# What you have to do
The material below holds the lines to copy: from the one with "Retrato de Pellicer" up to and including the one with "Настольный светодиодный светильник, лампа". Copy them exactly and skip the pictures.

# Record extracts
++++++++++++++++++++
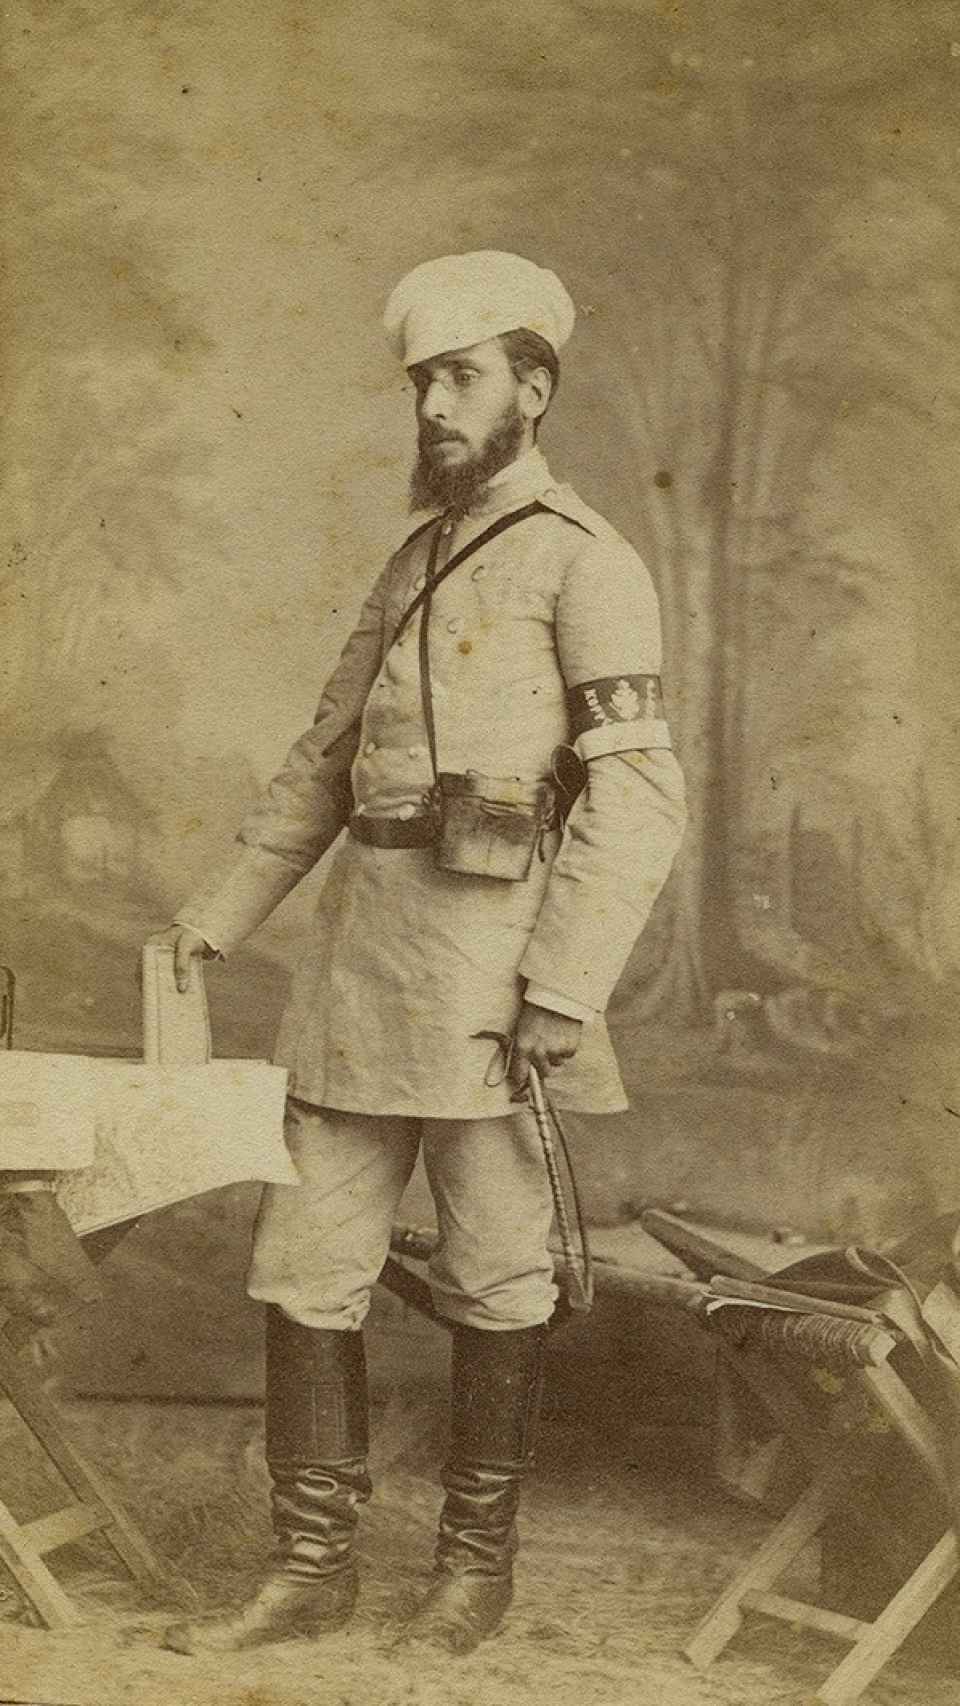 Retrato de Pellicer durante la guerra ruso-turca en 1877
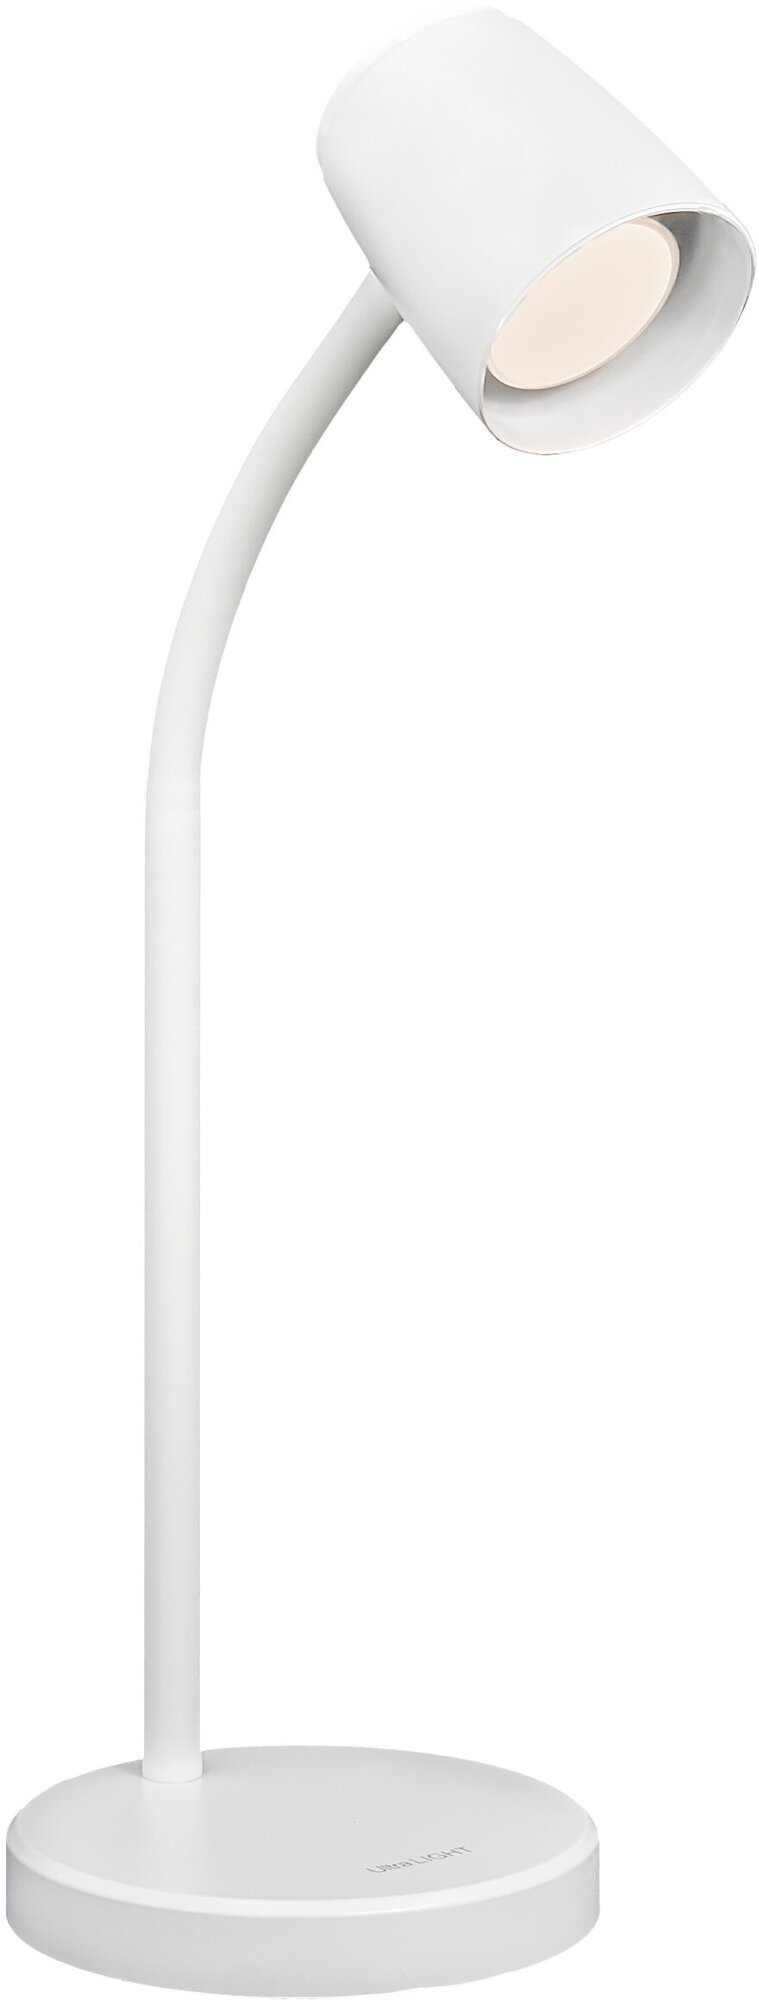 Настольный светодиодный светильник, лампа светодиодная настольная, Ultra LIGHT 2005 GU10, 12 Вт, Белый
++++++++++++++++++++
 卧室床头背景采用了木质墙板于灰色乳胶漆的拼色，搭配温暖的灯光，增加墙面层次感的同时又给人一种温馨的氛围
++++++++++++++++++++
# Solution
 Retrato de Pellicer durante la guerra ruso-turca en 1877
 Настольный светодиодный светильник, лампа светодиодная настольная, Ultra LIGHT 2005 GU10, 12 Вт, Белый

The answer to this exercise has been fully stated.